I have a similar inside leg (30") and actually ride 170, although my new bike will have 165. Don't really see why either would be a problem, you're not exactly freakish. Some people seem to notice a massive difference, some none, but 165 sounds about right to me. You could always try something cheap second hand before you splash out.
I too have a 30" inside leg (well 30 1/4"). I calculate my ideal crank length to be 162mm.
But like most short people have mostly used the easily availible 170, and get on OK with it. This is what I have on the CX/commuter/hack.
My fixed has 165's which are alot easier for my stumpy legs to spin, without my upper body starting to bounce.
My SS MTB has 175's which gives me more leverage on climbs, and over obstacles.IMHO the 5mm is very noticable. But depending on the type of cycling you are doing you can vary your crank length to positive effect.

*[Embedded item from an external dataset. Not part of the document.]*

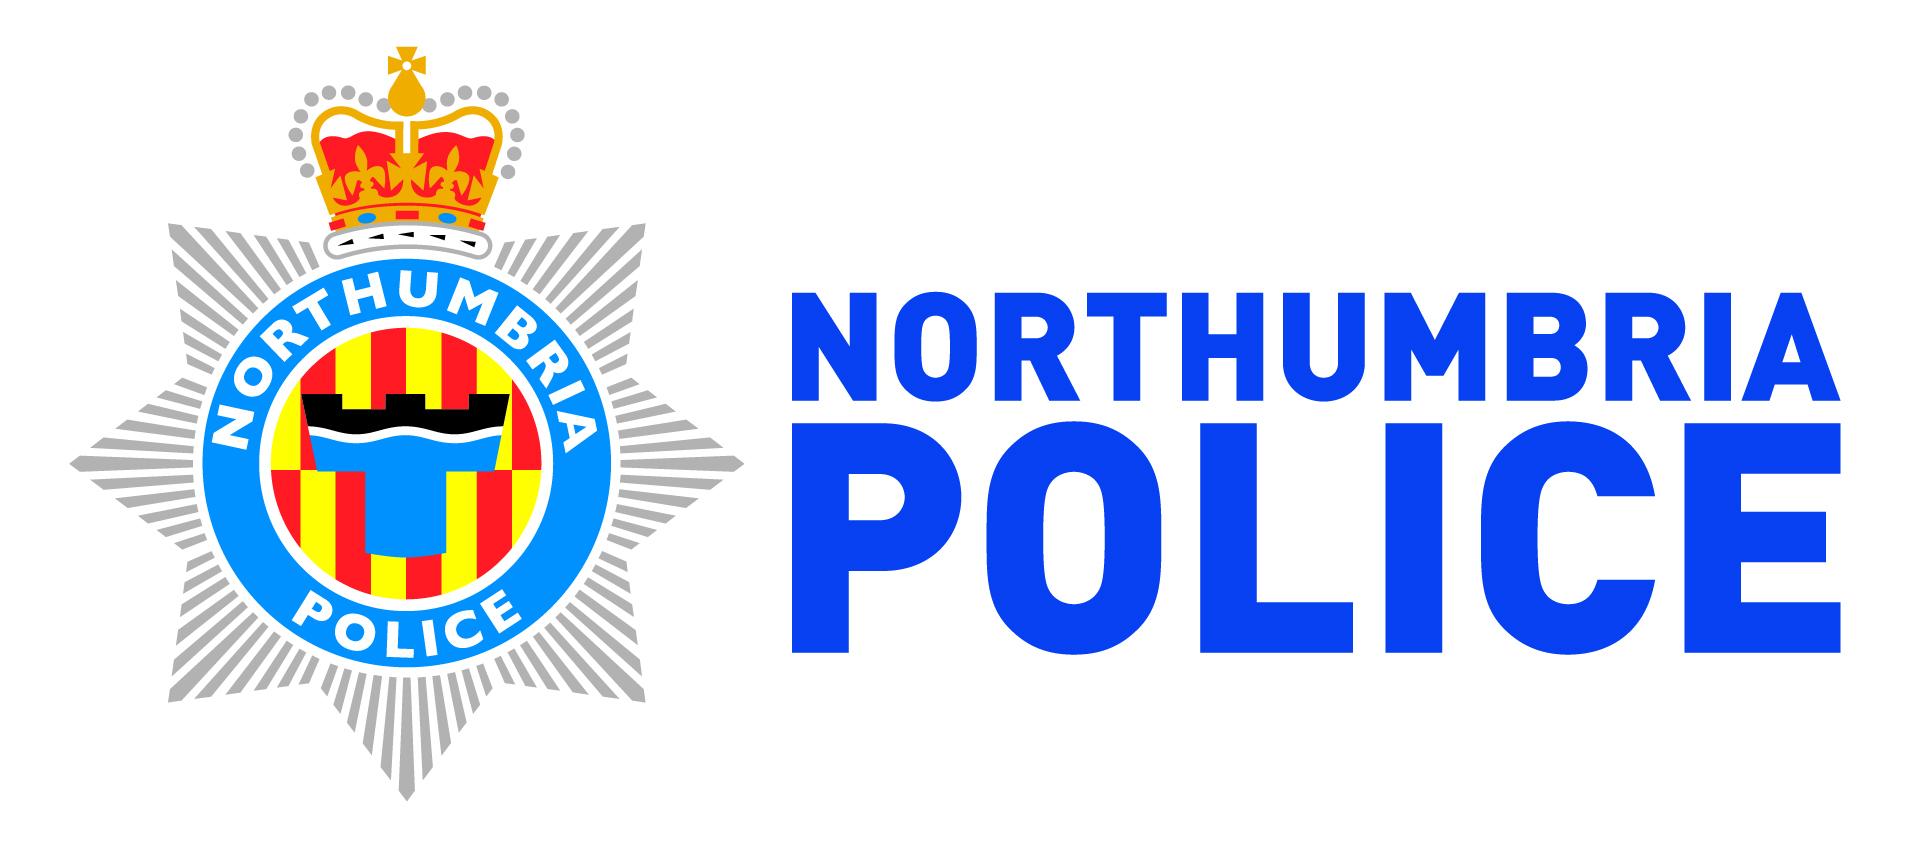 Northumbria Police.jpg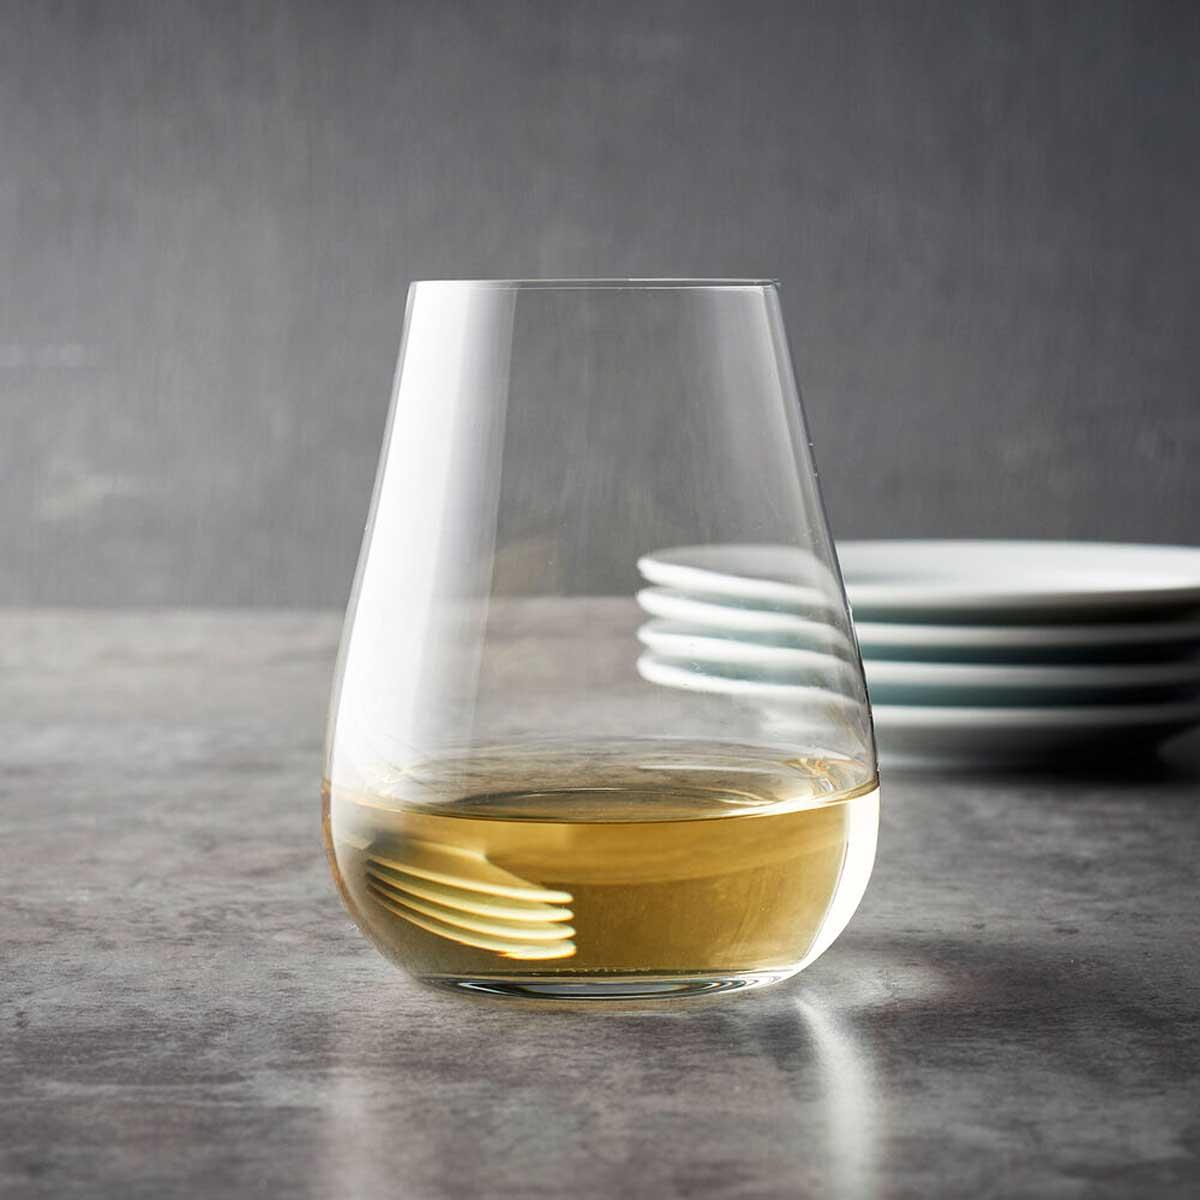 Schott Sqiesel Air Stemless White Wine Glasses

Although for pedaling at constant cadense (ie road cycling) the correct length for your leg measurement is probably worth hunting down.
http://www.machinehead-software.co.uk/bike/cranks/cyclist_crank_length_calculator.html -
• #168
Slightly off topic. But I'm gong with Campag 11spd for my roadie, and am in
twothree minds about cranks.option 1: HTFU, and buy a 170mm compact crank groupset, saving money, effort, and time.
option 2: Buy a groupset, sell the cranks (sans rings), buy some 165mm cranks, sell the rings, and have a better fitting drivechain. Which is a faff.
option 3: By the drivetrain component by component, meaning no massive single payment. But likely meaning more cost and a lot more time/effort.
TBH option 1 is very tempting (if I can clear the funds), but I am planning on taking this bike on some epic rides (maybe 540km if I dare), so fit is everything.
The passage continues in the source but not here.